Not to Worry! Here’s What to Do if You Slept With Contacts In
Nearly one million people a year in the U.S. end up with a corneal condition called keratitis, and 58,000 find themselves in the ER.
How did they end up in this situation? Some may have slept with contacts in. Others might have forgotten to clean their lenses on time. One thing is certain: practicing poor contact lens hygiene can lead to loads of different issues.
Wearing your contacts to bed on a regular basis isn't just bad practice. It's also dangerous to your eyesight. Contacts can get dirty and harm your eyes no matter how careful you are.
Leaving them in for a nap or bedtime on a regular basis can disrupt the natural balance of your cornea. Bacteria can multiply and bind to your cornea easily. In turn, they can cause an inflammation of the eyes known as keratitis.
It may be that you've never slept with your contacts in. Or you're a frequent offender and you always forget to take them out at night. In any case, you should know what to do after a night of sleeping with lenses in your eyes.
Continue reading to find out what happens to you when you leave your contacts in overnight. And learn what to do to keep your eyes happy and healthy.
What Happens When You Sleep With Contacts In?
Does your optometrist always stress the importance of taking out your contacts at night? He or she’s not just saying this to nag. Sleeping with your lenses in results in less oxygen reaching your eyes. This can lead to dryness and infection.
There are two main complications that can develop: keratitis and corneal neovascularization. Keratitis is an inflammation of the eyes caused by bacteria and overwearing contacts. Neovascularization happens when your eyes get deprived of oxygen for a long period of time.

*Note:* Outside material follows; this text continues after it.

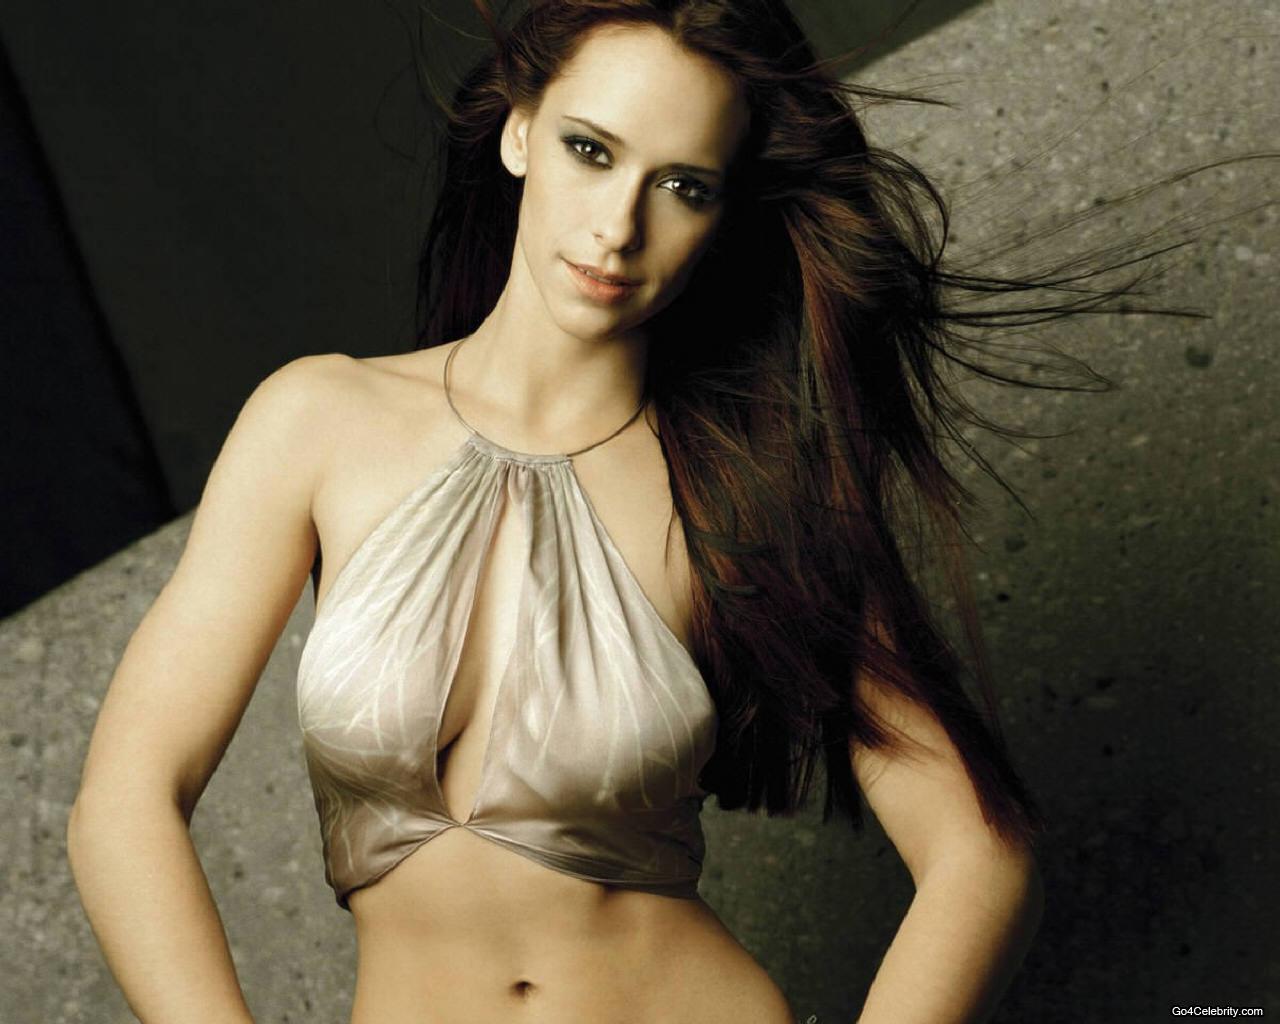 Jennifer love hewitt sexy photos images 155
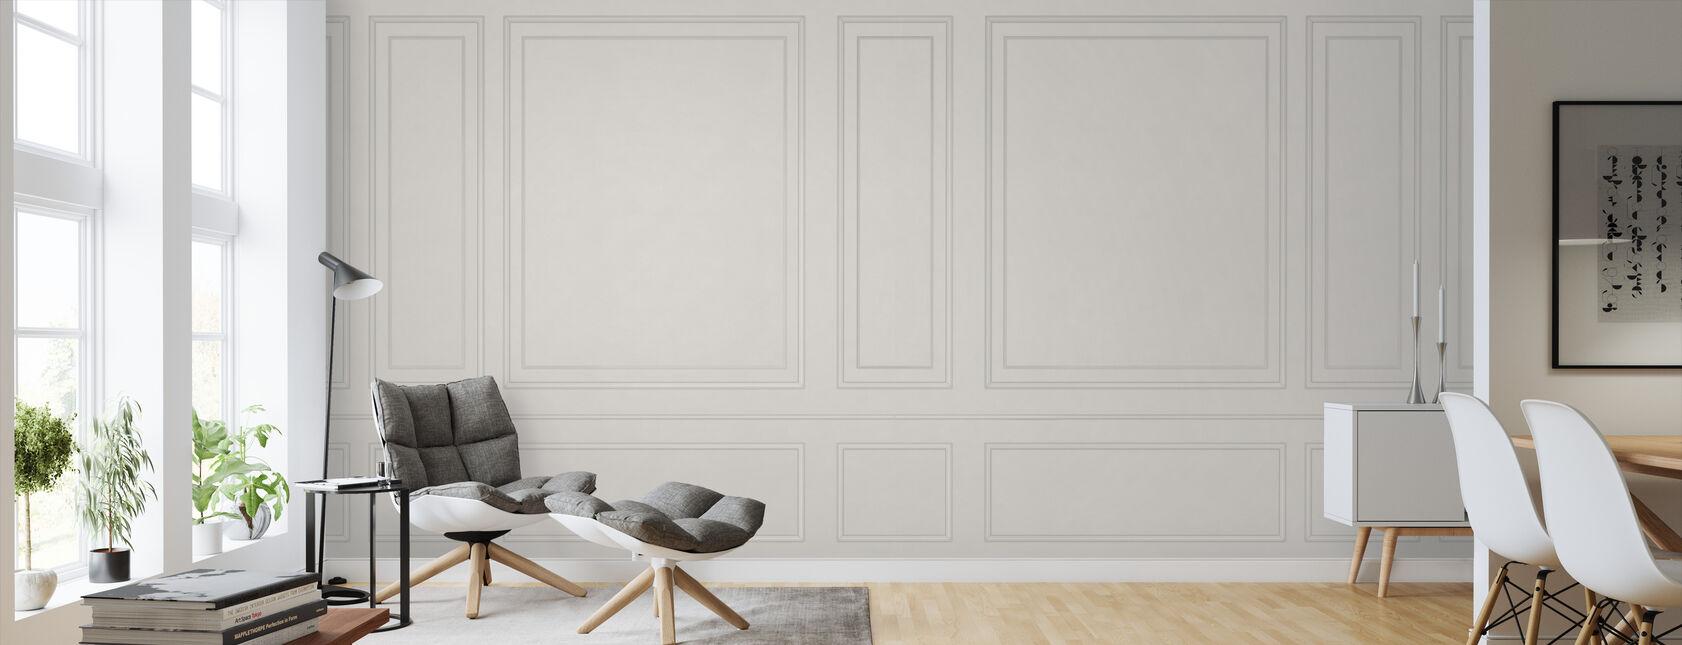 Voguish Wall Panel - Beige - Wallpaper - Living Room

Corneal neovascularization occurs when little blood vessels grow in your cornea to help make up for the lack of oxygen. These new blood vessels are invasive, and can lead to inflammation and scarring. They disrupt your eyesight by threatening the transparency of the cornea.
Of course, corneal neovascularization doesn't happen overnight. Here are some symptoms you might notice after a night of sleeping with your contacts in:
- Eye strain
- Sensitivity to light
You can risk damage to your cornea even after sleeping with your contacts in once. It really depends on how sensitive your eyes are.
If the lens tightens on your eye, it can create tiny tears on your cornea. Corneal tearing leads to an increased risk of inflammation and infection. Prevent this from happening by always taking your lenses out before you sleep.
What About Continuous Wear Lenses?So you take out your lenses before hitting the hay, right? Well, sometimes your forget. There are times when you're too tired and can’t be bothered. And other times, you just don't feel like it: life happens. If you find yourself in these situations often, ask your eye doctor about continuous wear lenses. You can go to bed with them on. They are thinner than daily use lenses and allow more oxygen through. Still, wearing extended wear contacts doesn't mean you never have to take them out. It's still a good idea to sleep without them at least once a week. Giving your eyes more time to recover is always a good thing. So if you can remove them, do so! Many eye care professionals recommend taking any contacts out nightly even if the FDA says they're safe for continuous wear. Allowing your eyes to breathe without any barriers can give you more comfort and less chance of infections.
Do This First After Sleeping With Your Contacts In
You wake up and realize you forgot to take your contacts out the night before. It's not the end of the world, as long as you care for your eyes first thing in the morning.
The first step is taking the contacts out. But doing this might get tricky. Your lenses can stiffen and cling to your eye due to lack of oxygen and moisture. In this case, leave them in for a while and give them a chance to rehydrate.
If you still can't remove them after some time has passed, don't force them out. Instead, resort to your rewetting drops. Apply them according to directions. Do this until your eyes are moist enough to release the contacts.
Once you get them out, avoid cleaning and reinserting them right away. Drop them in their case with solution and use your eyeglasses for the rest of the day. This will give your eyes a chance to relax and restore their moisture balance.
If nothing works and you're still struggling to take your contacts out, call your optometrist. Persistent irritation, discomfort or dryness can all be signs of a more serious issue.
Signs of Infection
What are the signs of eye infection caused by sleeping with your contacts in? The most common ones include:
- Sensitivity to light
- Swelling or inflammation
- Eye pain
- Burning or itching
- Extra tears
- Eye discharge or pus
If you experience any of these symptoms, you might need to book an examination as soon as possible. Remove your contacts and make an appointment with your eye doctor.
Early-stage infections are easy to treat with antibiotic drops. Your optometrist can identify early stages of corneal neovascularization or keratitis and give you the appropriate treatment.
Eye Protection and Contact Care
Our eyes are precious and sensitive. But if you slept with contacts in, it's not the end of the world. Everyone does it at some point. This doesn't mean you should make a habit out of it though.
Remove them right away upon waking. Clean your contacts and put them away. Then moisturize with rewetting drops and wear your glasses to allow your eyes to relax and heal. If symptoms persist, call your optometrist.
What's the best way to avoid this situation and protect your eyes when wearing contacts? Wearing daily lenses and removing them every night!